Редакционное собрание прошло шумно. Обсуждали позицию канала в связи с предстоящими президентскими выборами. Времени всего-ничего, а они мельтешат: дают эфир то коммунистам, то демократам. Мнения разделились. Одни доказывали, что демократия — это свобода выбора, народ должен знать, из кого выбирать, а потому здесь не обойтись без плюрализма. Другие убеждали, что, если к власти придут коммунисты, квакнется и выбор, и сама свобода, а с ними прикажет долго жить СТВ. Особенно старался Незнамов. Высокий, красивый, с хорошо поставленным голосом, он высказывался каждые пять минут, картинно отбрасывая волосы со лба и четко выделяя каждое слово, пока всем не надоел, и кто-то с места попросил Сиротку заткнуться. Расходились тоже шумно: спорили, двигали бестолково стулья, хватались за сигареты. Впереди Кристины шли двое. Гришкина рука нежно обнимала чужую тонкую талию, идеально вылепленная голова склонялась к изящному ушку с бриллиантовой капелькой — эта девочка появилась у них совсем недавно, но уже успела заморочить головы многим. Похоже, Сиротка первым начал активно морочить голову ей. Внезапно Кристину охватила ненависть, от которой сбилось дыхание. Она обошла воркующую пару и застыла перед двумя носами.
— Ты чего, Окалина? — ухмыльнулся красавец. — Забыла что-то сказать?
— Забыла, — согласилась Кристина. И со всей силой вмазала по самодовольной роже. От всей души.
Глава 20
— Здравствуй, это я!
— Здравствуй, Кирилл. Сто лет тебя не слышала.
— Я знаю о твоем горе. Если скажу, что сочувствую, вряд ли оно станет меньше, и все-таки скажу, — он замолчал, видно, собирался с духом проявить сочувствие шесть месяцев спустя. — Мне очень жаль. Прими, пожалуйста, мои соболезнования.
— Спасибо.
— Помощь нужна?
— Нет.
— Меня полгода не было в Москве, приехал неделю назад. Как узнал, сразу стал названивать, но никто не снимал трубку.
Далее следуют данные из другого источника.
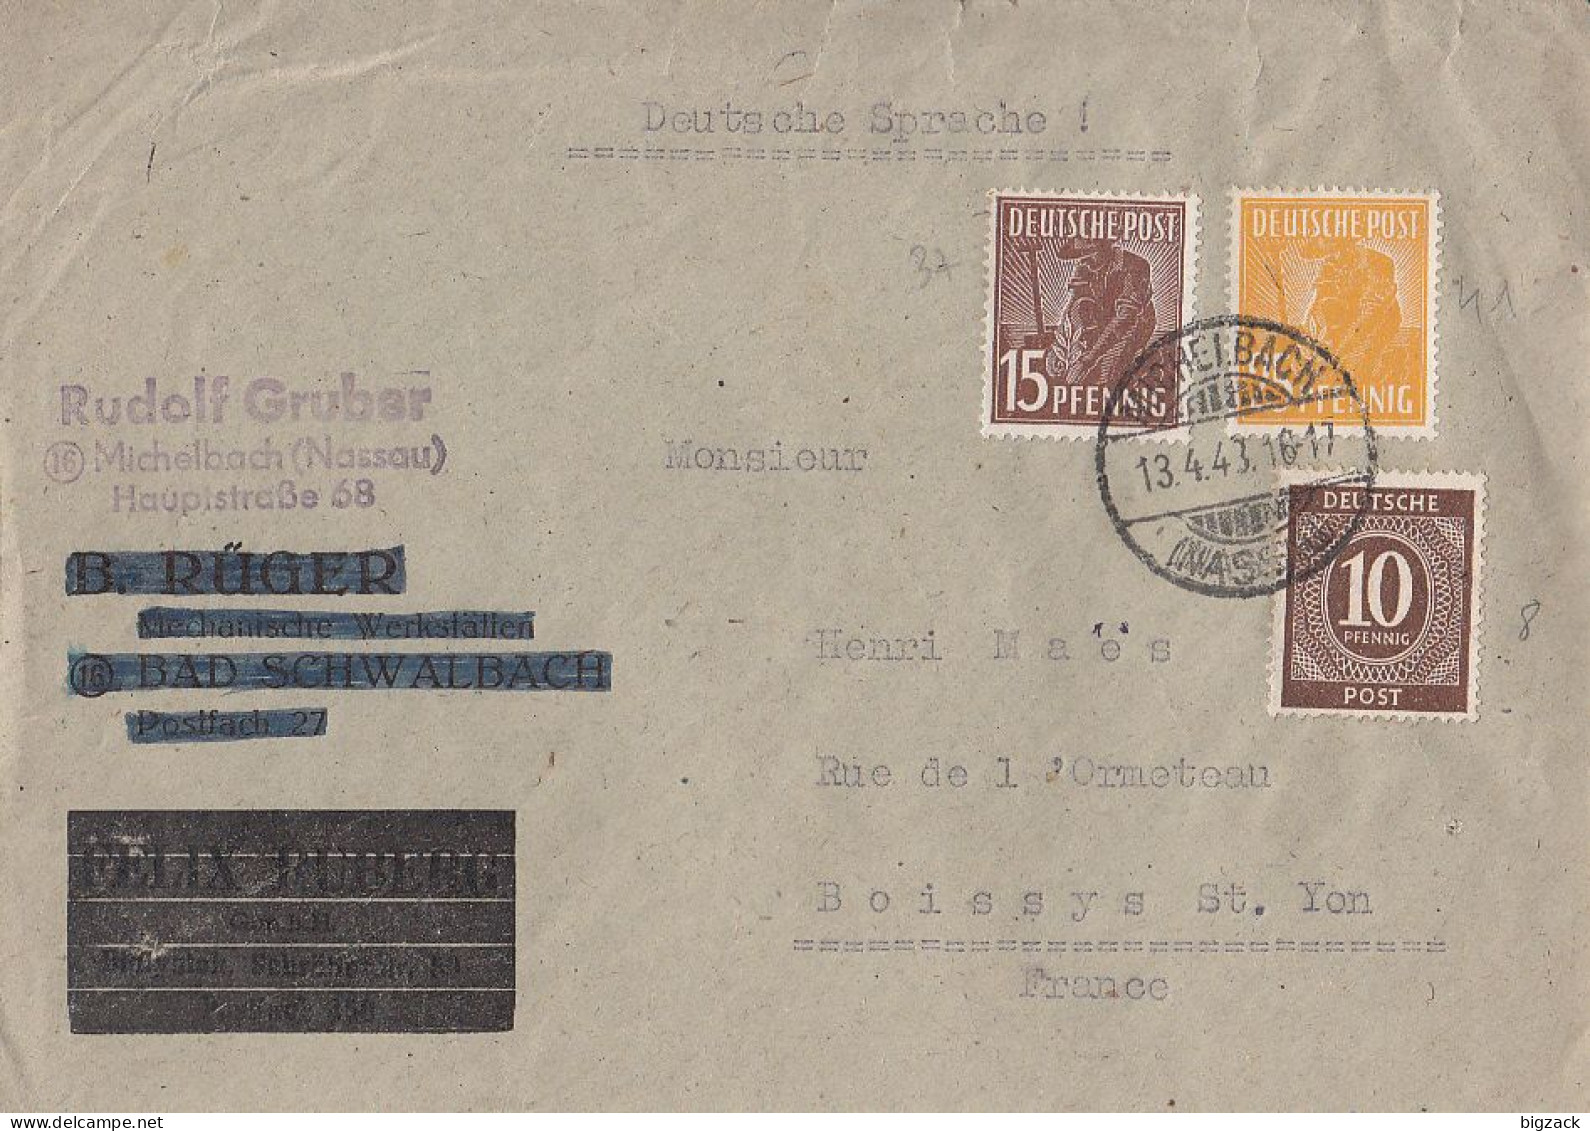 Gemeina. Brief Mif Minr.918,948,952 Michelbach 13.4.48 Gel. Nach Frankreich - Covers & Documents

— Много работы. Я редко бываю дома, иногда, вообще, отключаю телефон.
— А я тебя часто вижу по телевизору. Ты молодец, здорово ведешь: сдержанно и объективно, отличаешься от других.
— Спасибо.
— Извини, но вынужден спросить: для тебя очень важна дружба с Шалопаевым?
— Господи, а ты-то откуда знаешь? — похоже, этот человек, действительно, знал о ней все. Или почти все.
— Скажи, — не отставал Кирилл, — эта дружба для тебя в самом деле много значит?
— Ты меня допрашиваешь?
— Спрячь колючки, Кристина Я спрашиваю не из праздного любопытства. Мне не безразлична твоя судьба.
— Тогда где же ты раньше был?
— А что бы изменилось, если б я постоянно торчал у тебя перед носом? Ничего, — Жигунов сделал паузу, похоже, ждал опровержений, а, не дождавшись, продолжил. — Молчишь? Значит, прав. Я, вообще, редко ошибаюсь. Хотя сейчас, кажется, совершу большую ошибку, может, даже непростительную, — и снова затыка. Как будто в бесконечной погоне за преступниками бравый сыщик растерял слова, и теперь наскребал их в сусеках своей памяти с трудом. — Прости, но я жду ответа.
— А для тебя так важен мой ответ?
— Да.
— Тогда и я скажу: да. Мы с Мишкой знаем друг друга чуть не с пеленок, с первого по десятый в одном классе учились, в девятом я была в него влюблена. Он порядочный человек, может, немного доверчивый, но это — единственный его недостаток. А что молодым куролесил, так у многих в этом возрасте мозги набекрень.
— Но твои-то, положим, были в порядке?
— Мне просто больше повезло, вот и вся между нами разница, — пустой разговор начинал раздражать. — В общем, Шалопаев — мой друг, я горжусь нашей дружбой и очень ею дорожу, — с вызовом подытожила «сестренка». И, не удержавшись, добавила. — Всегда думала, что ты тоже мне друг.